# Image Selection

Because we have a massive dataset of about 179k images, we do not want to include all of these images into our time-lapse video. For example, some images are too dark, because they were captured early in the morning or in the evening. One can think of some more reasons why not to include all available images in the video. Therefore, we will select a smaller subset for creating our time-lapse video.

## How do We Select Images?

A very simple approach could be to select one image a day around noon. This seems reasonable, first we get a relatively small subset of the available data, one image a day leads to around 365 images and second, image brightness should be no problem.

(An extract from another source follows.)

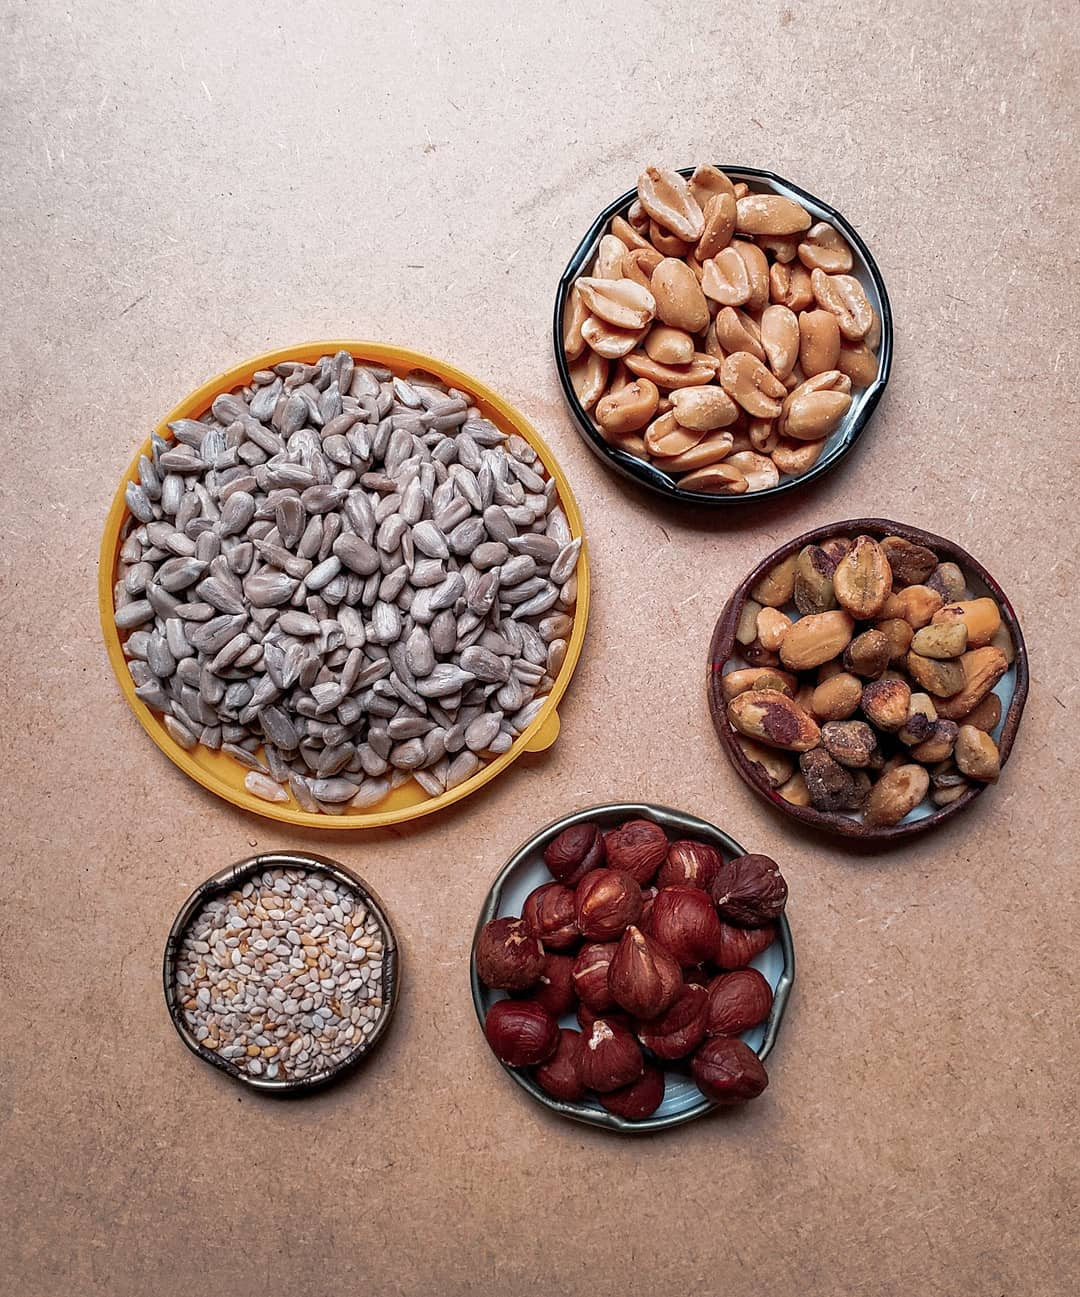 Semente de Girassol | Amendoim | Pistache | Avelã | Gergelim

Other possible approaches:
- select multiple images for each day with a given brightness value
- select multiple images for each day within a given timeframe, e.g. 9am to 5pm
- select multiple images for each day, by selecting the first/last *x* images matching some *condition*

and whatever you could think of.

But for now, lets start with the first and very simple approach, selecting one image a day around noon.

In [1]:
import pandas as pd
import numpy as np
import datetime

from src.features import build_features

ALL_TIMESTAMPS_FILE = '../data/raw/image-timestamps.txt'
SELECTED_TIMESTAMPS_FILE = '../data/processed/selected-image-timestamps-noon.txt'

# load all images timestamps from file
timestamps = pd.read_csv(
    ALL_TIMESTAMPS_FILE,
    names = ['timestamp'],
    dtype = {'timestamp': np.int64} )

In [2]:
# for details of get_timestamps_in_range function, see src/data/make_dataset

# extract timestamps at noon
timestamps_noon = build_features.get_timestamps_in_range(timestamps, 12, 5)

display(timestamps_noon)

Unnamed: 0,timestamp
0,1488884432
1,1488970832
2,1489057232
3,1489143632
4,1489230032
...,...
358,1522407658
359,1522493999
360,1522580459
361,1522666799


In [3]:
# write to file
timestamps_noon.to_csv(SELECTED_TIMESTAMPS_FILE, header = False, index = False)

# Prepare Selected Images for Class Prediction

Find images in filesystem and copy to directory

```
$ xargs -a ~/selected-image-timestamps-noon.txt -L 1 -I# find . -name "pic_#.jpg" -exec cp {} selected-images-noon \;
```

When find is not compiled with *exec* option do this in two steps

```
$ xargs -a ~/selected-image-timestamps-noon.txt -L 1 -I# find . -name "pic_#.jpg" > selected-images-path-noon.txt
$ xargs -a selected-images-path-noon.txt cp -t selected-images-noon
```

Selected images have been saved in *selected-images-noon* directory and can be used for further processing.